In order to assure a high arc current and a high arc power with simultaneous reduction of flicker voltages, at least two juxtaposed electrodes, each having the same distance from the vertical axis of the furnace and the same electrical potential, are connected to each phase of an electric arc furnace, which is preferably a three-phase electric arc furnace. Preferably circular electrodes are employed which are conductively connected together at least in the vicinity of the electric arc.

Patent
   4459697
Priority
Jan 30 1981
Filed
Jan 27 1982
Issued
Jul 10 1984
Expiry
Jan 27 2002
Assg.orig
Entity
Large
1
6
EXPIRED
1. In an electric arc furnace including a furnace body, a three-phase source of electrical power, and a plurality of arc electrodes mounted within said furnace body, with each phase of said source of power being connected to respective said arc electrodes; the improvement wherein at least two of said arc electrodes are connected to each said electrical phase so that they have the same applied electrical potential, and with each of said at least two arc electrodes being juxtaposed and being disposed at the same distance from the vertical axis of said furnace body.
2. An electric arc furnace as defined in claim 1 wherein each said phase is connected to two circular electrodes.
3. An electric arc furnace as defined in claim 1, or 2 wherein all of said electrodes which are connected to one said phase are conductively connected to one another.
4. An electric arc furnace as defined in claim 2 wherein all of said electrodes which are connected to one said phase are graphite electrodes, and wherein means are provided for conductively connecting all of said graphite electrodes which are connected to one said phase to one another at least in the vicinity of the arc, said means for conductively connecting including a self-sintering, stamped carbon mass disposed between adjacent said graphite electrodes.
5. An electric arc furnace as defined in claim 4 wherein said stamped carbon mass, and the resulting connection, extend over the entire length of the associated said electrodes.
6. An electric arc furnace as defined in claims 1 or 2 wherein the plurality of said electrodes which are connected to each phase are mounted in said furnace body so that they are insulated from one another, and each of said electrodes which is connected to one and the same phase has a respective insulated lead connecting same to said source of electrical power.
7. An electric arc furnace as defined in claim 1, wherein all of said arc electrodes are disposed of the same distance from said vertical axis at said furnace body.
8. An electric arc furnace as defined in claims 1 or 7 wherein said furnace body has a circular cross section.

The present application relates to an electrode arrangement for high power electric arc furnaces. Such furnaces are employed particularly in the manufacture of steel and are preferably operated with three-phase current.

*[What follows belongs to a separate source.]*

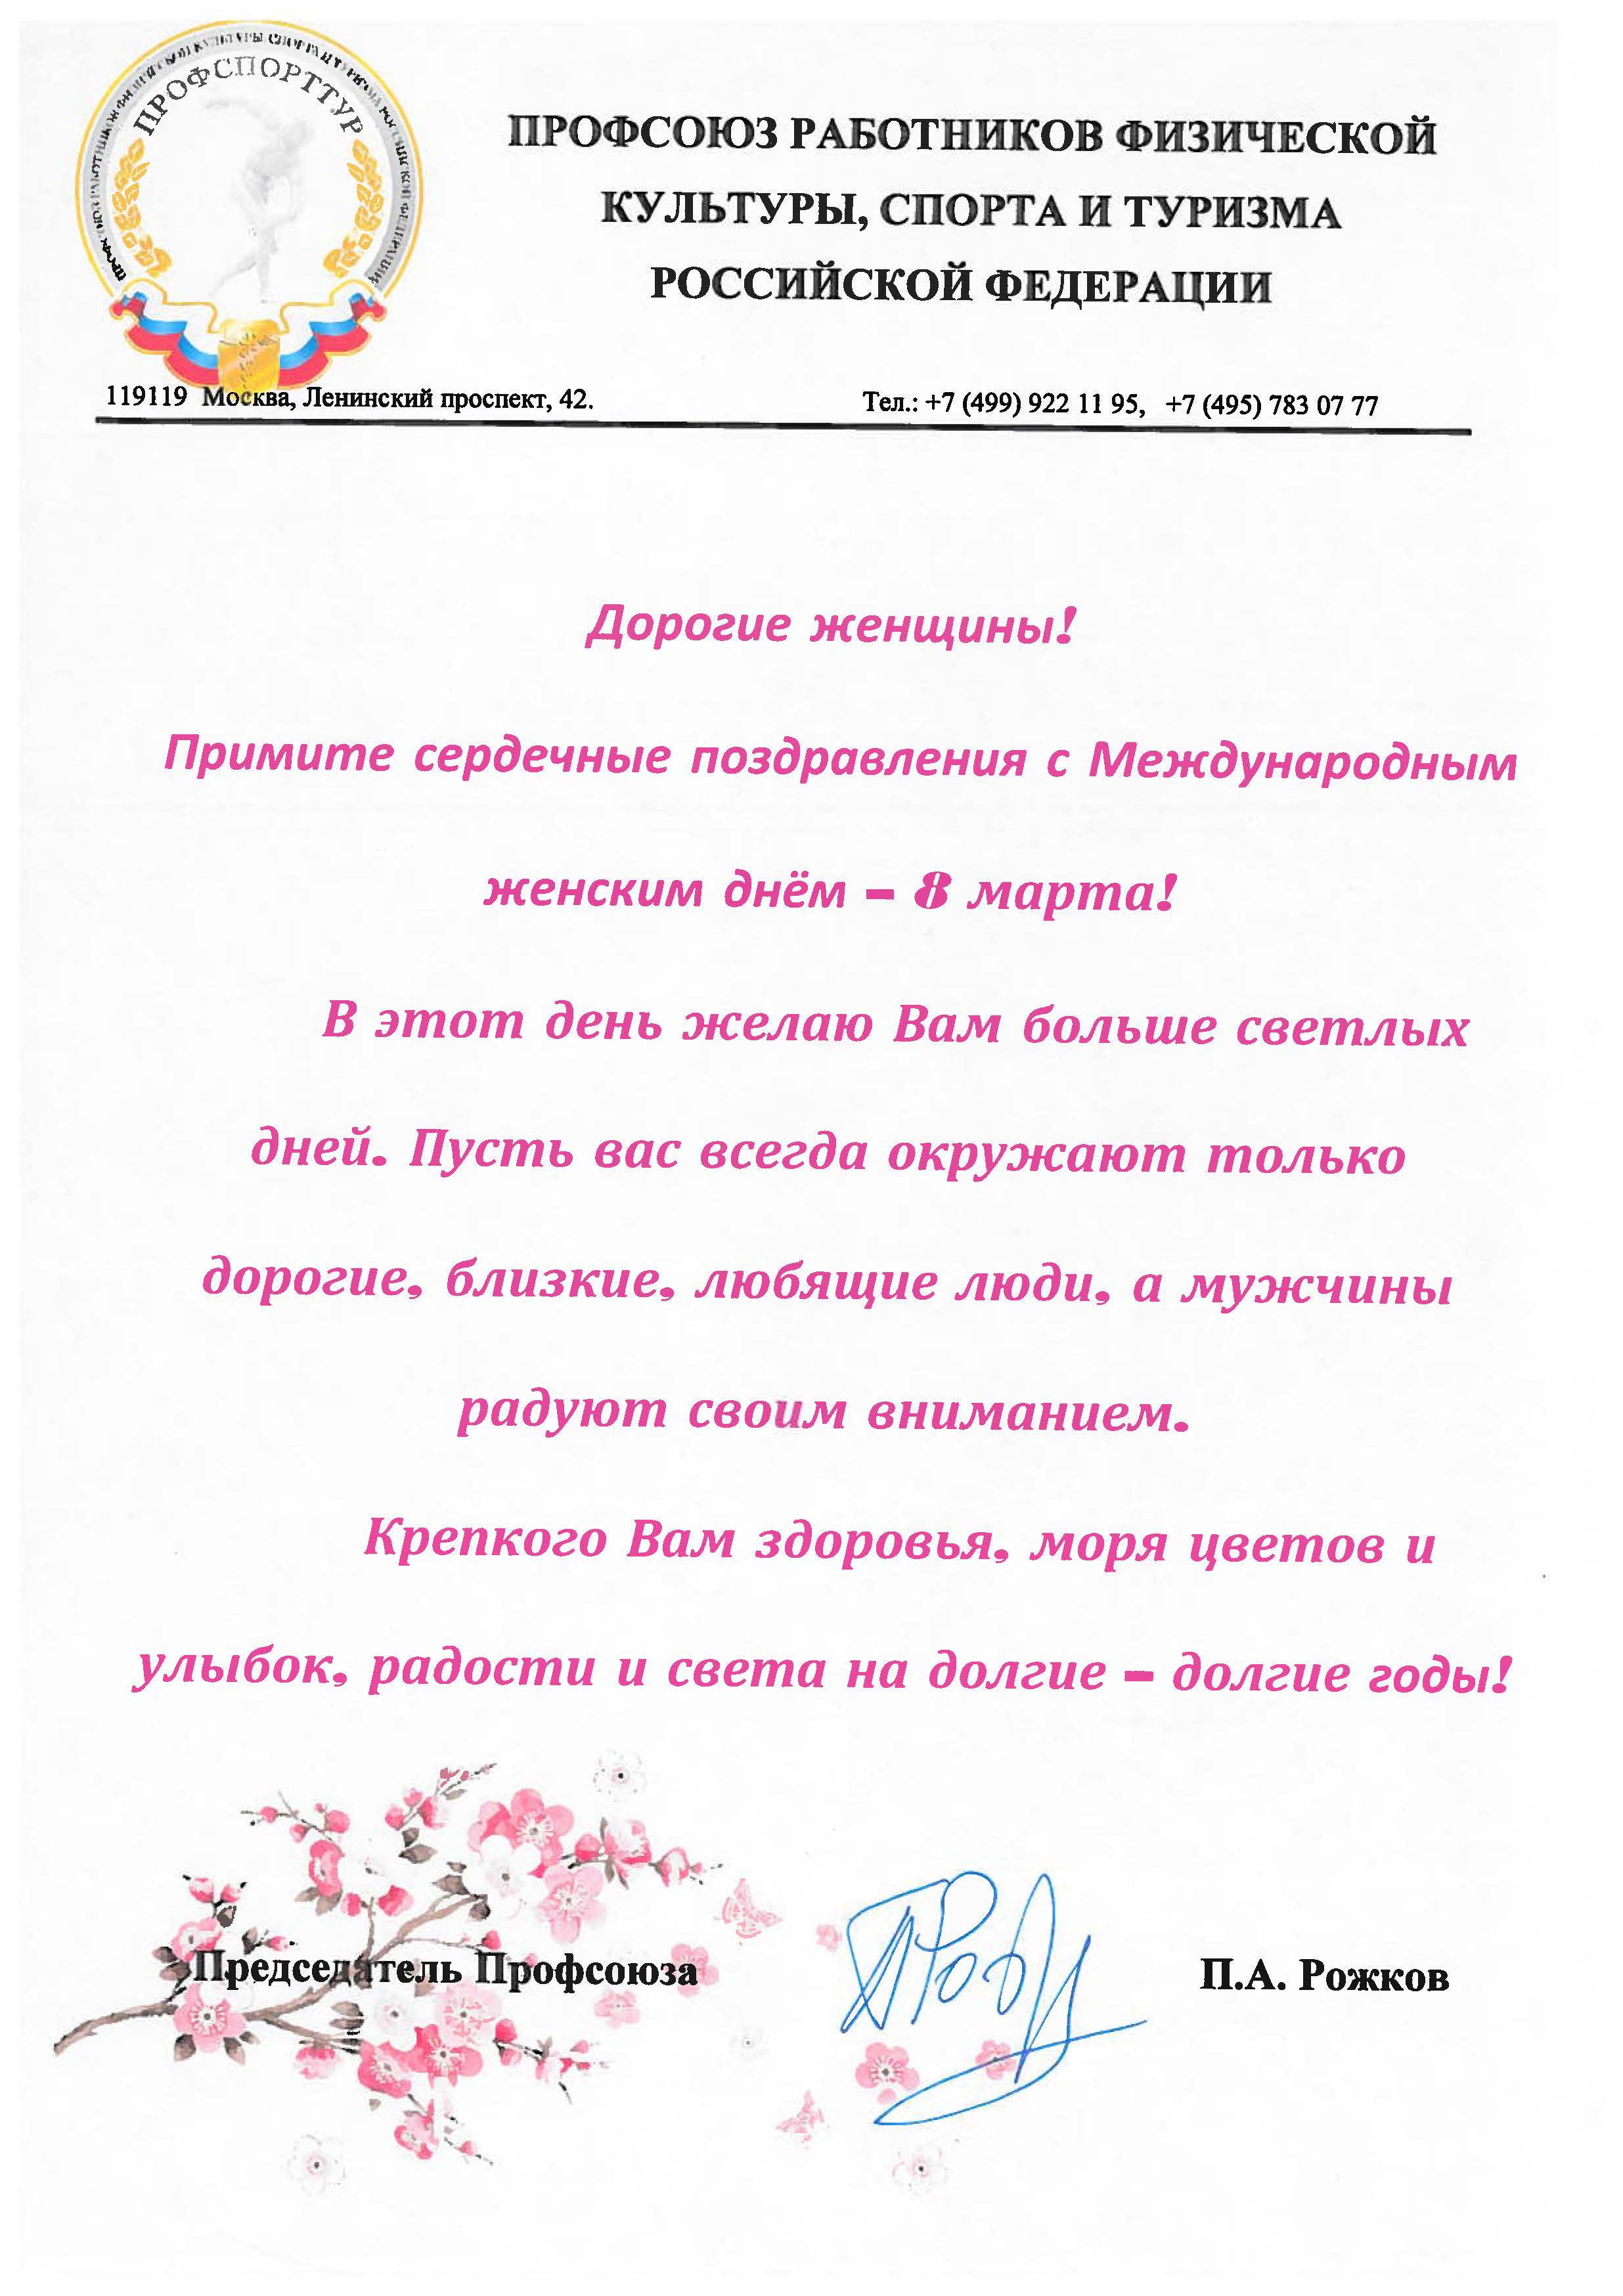 Картинки с 25 летием независимости казахстана

An electric arc furnace is known to have a nonlinear current/voltage characteristic. With an electrode which is burning steadily and under constant operating conditions, the frontal face under which the arc burns has a distinctly defined outline which remains unchanged even while the electrode burns down. Since the consumption of the frontal face is caused essentially by the fact that the sublimation temperature of graphite is exceeded in the area of the base of the arc, the conclusion can be drawn that every point of the frontal face is under stress, on the average, approximately for the same time. The outline of the frontal face ascends toward the outside with reference; to the center of the furnace, so that the length of the arc is shorter in the center of the furnace than the corresponding length at the outside. Moreover, the equilibrium of the electromagnetic forces attacking the arc causes the arc to slope further toward the outside in the outer positions, i.e. to be additionally extended there.

With current intensities in the order of magnitude of 104 A and more, the voltage requirement of an electric arc depends essentially only on the length of the arc. Since the different arc lengths at different times require different arc voltages, maintaining the frontal face contour inevitably leads to irregular amplitude fluctuations in the arc current which, due to corresponding voltage drops in the supplying network, result in voltage fluctuations, also called flicker voltages.

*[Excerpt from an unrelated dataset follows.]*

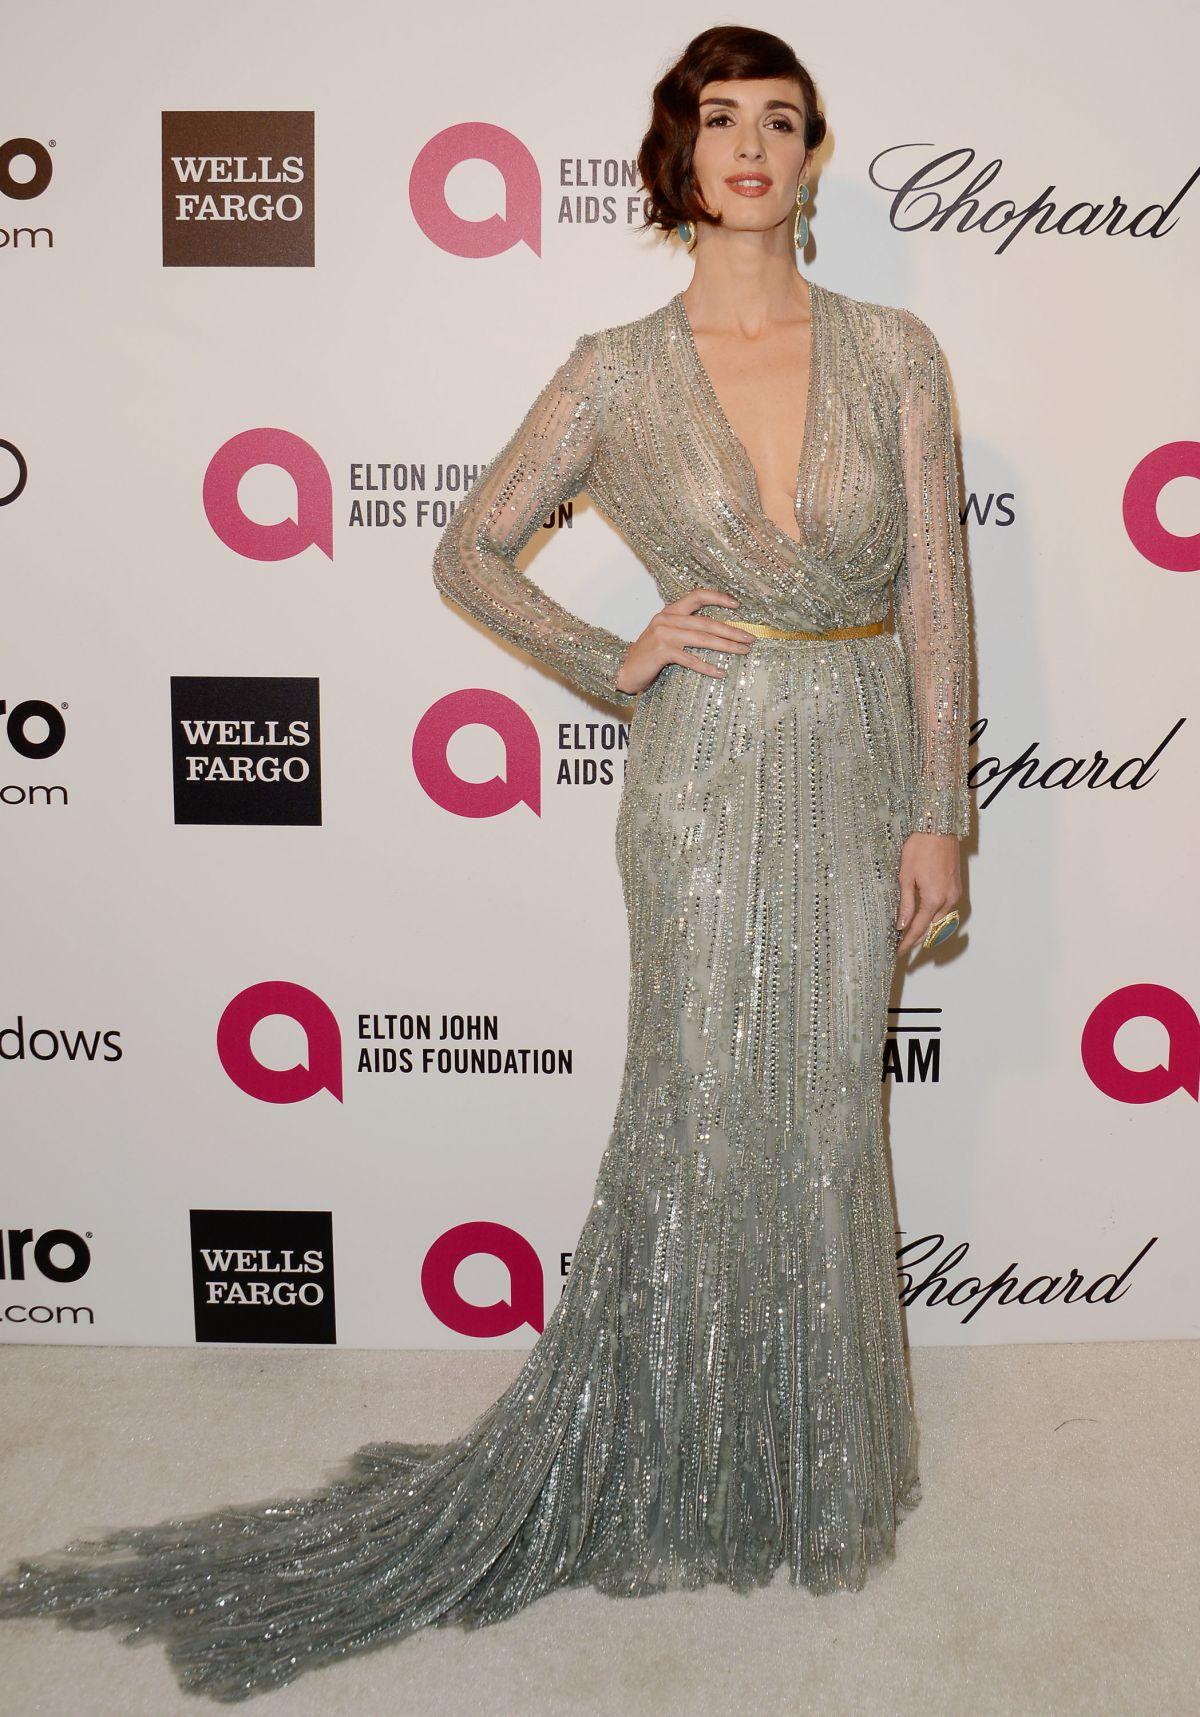 PAZ VEGA at Elton John Aids Foundation Oscar Party in Los Angeles

In the desire to increase the power of electric arc furnaces, the arc current, rather than the voltage, is increased in order to obtain a relatively short arc and thus a better power yield. For this purpose, experiments have been made with graphite electrodes which has a diameter up to 70 cm. However, it was found that difficulties arose if the diameters were more than 60 cm.

It is therefore the object of the present invention to provide an electrode arrangement which assures the highest possible arc current, and thus a high arc power, and which simultaneously reduces the flicker voltages.

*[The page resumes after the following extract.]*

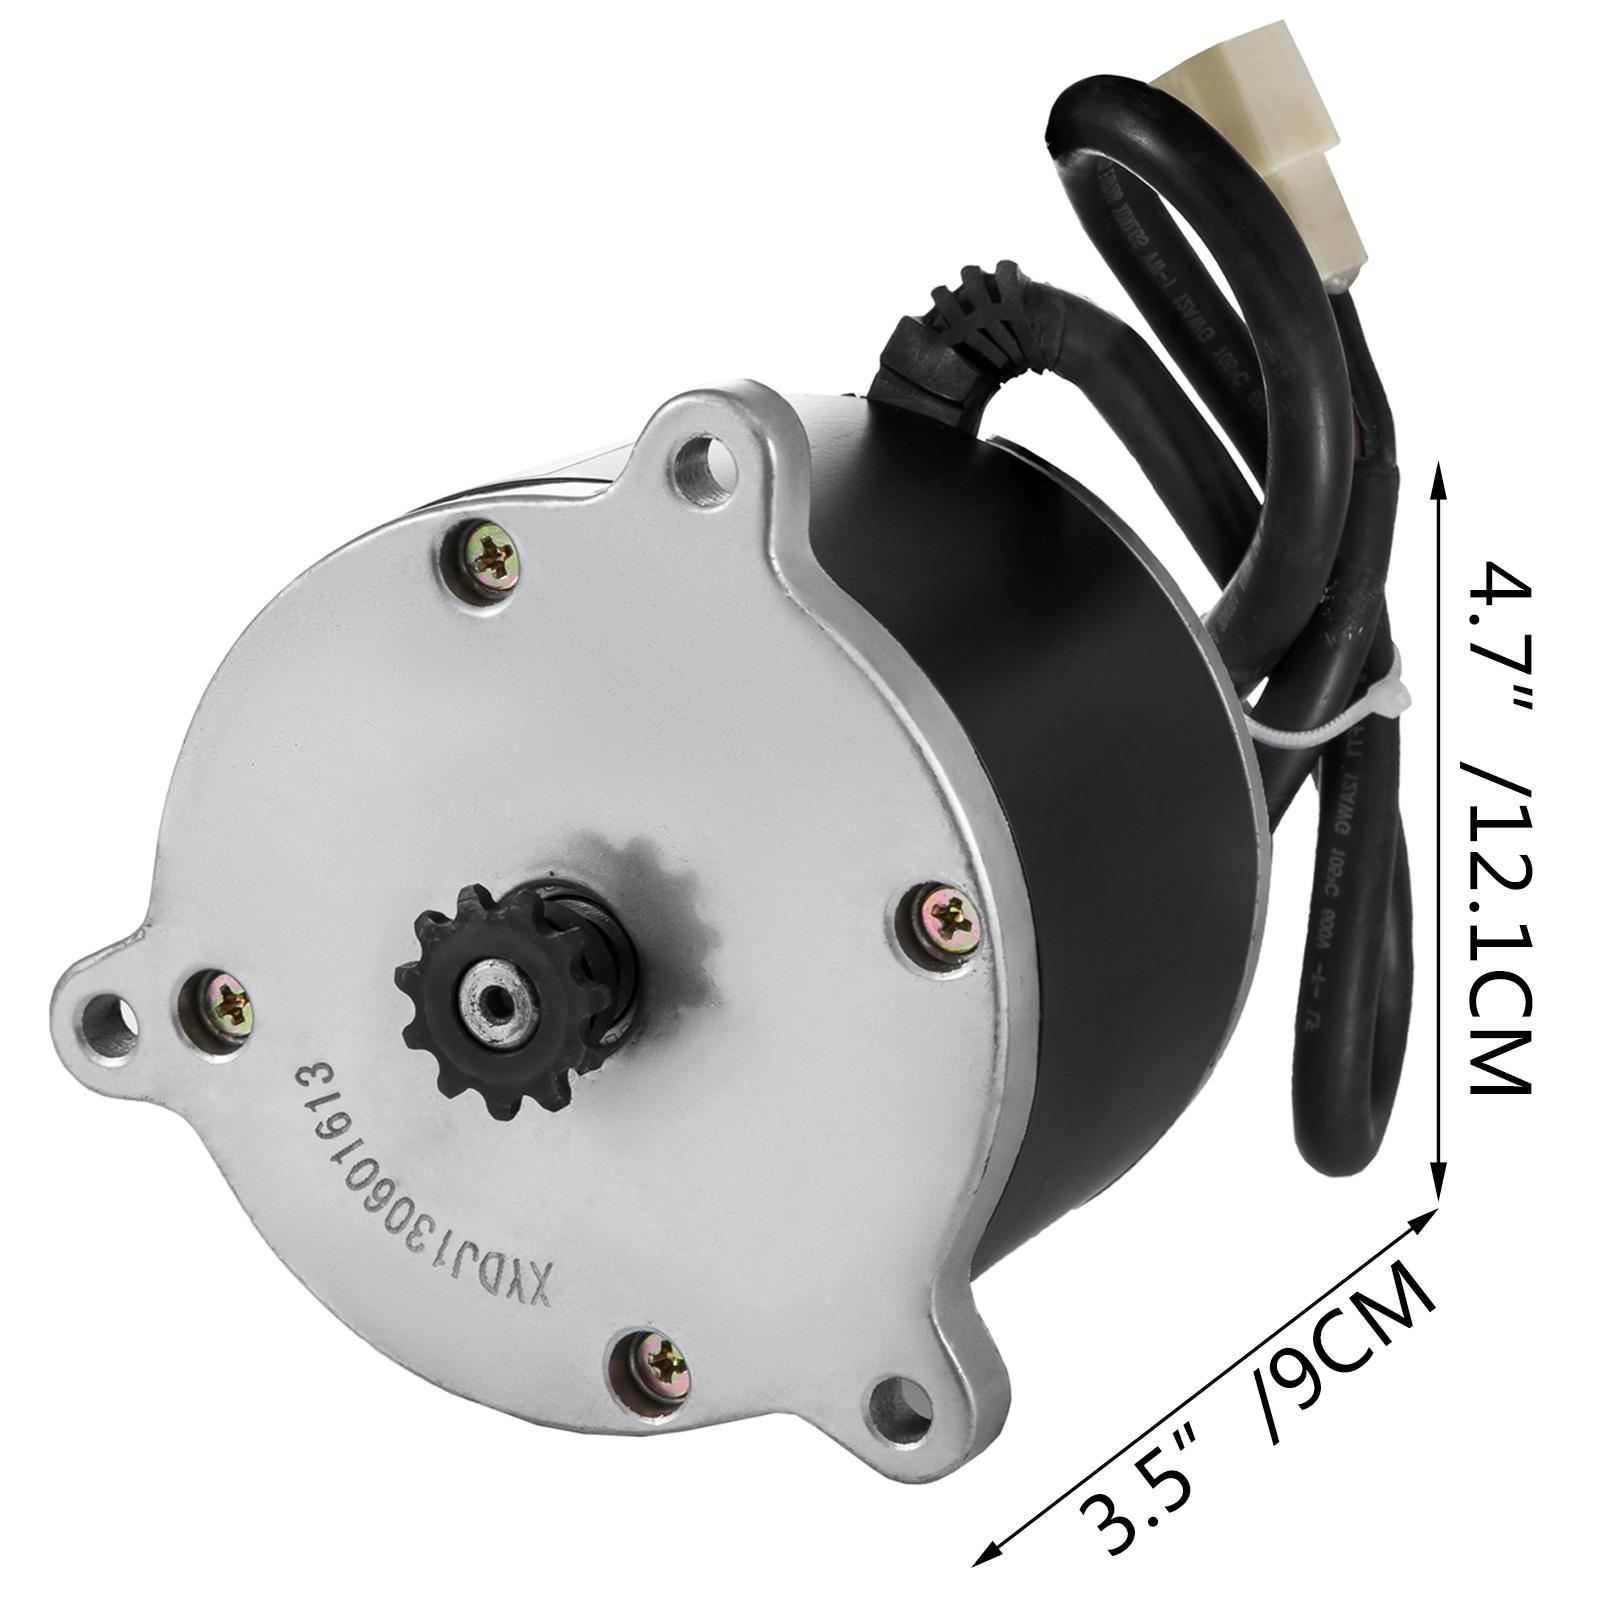 24V-500W-3500RPM-Electric-Motor-f-scooter-bike-go-kart-minibike-MY1016 thumbnail 44

This is accomplished in that in an electric arc furnace including a furnace body, a source of electrical power and a respective arc electrode connected to each phase of the source of power and mounted within the furnace body, at least two juxtaposed electrodes having the same electrical potential are connected to each phase of the source of power with each electrode being at the same distance from the vertical axis of the furnace body.

Since it is necessary to reset the electrodes once they have burned off and since fitting with conical threads has been found acceptable in practice, it is advantageous to employ circular electrodes, a preferred embodiment providing that two of these electrodes are connected to each respective phase. In principle, this is nothing other than that the cross section through which current flows in the prior art circular electrode having a diameter of 70 cm is divided into two electrodes so that the same current carrying capability can be realized with two circular electrodes which are connected to a respective phase and which each have a diameter of about 50 cm. Assuming the same current density, this yields an increase in current of about 40% compared to a single electrode having a diameter of 60 cm. At the same time the region in which the position can vary with respect to the radius of the furnace is advantageously reduced, so that changes in current amplitudes, and thus in the flicker load, of the network mains are reduced.

Advantageously, graphite electrodes are employed which are conductively connected together at least in the vicinity of the arc. The conductive connection is advisably made with the aid of a self-sintering, stamped carbon mass or the like disposed between two adjacent electrodes. With the above-described arrangement it is assured that the required uniform electrode consumption is considerably improved.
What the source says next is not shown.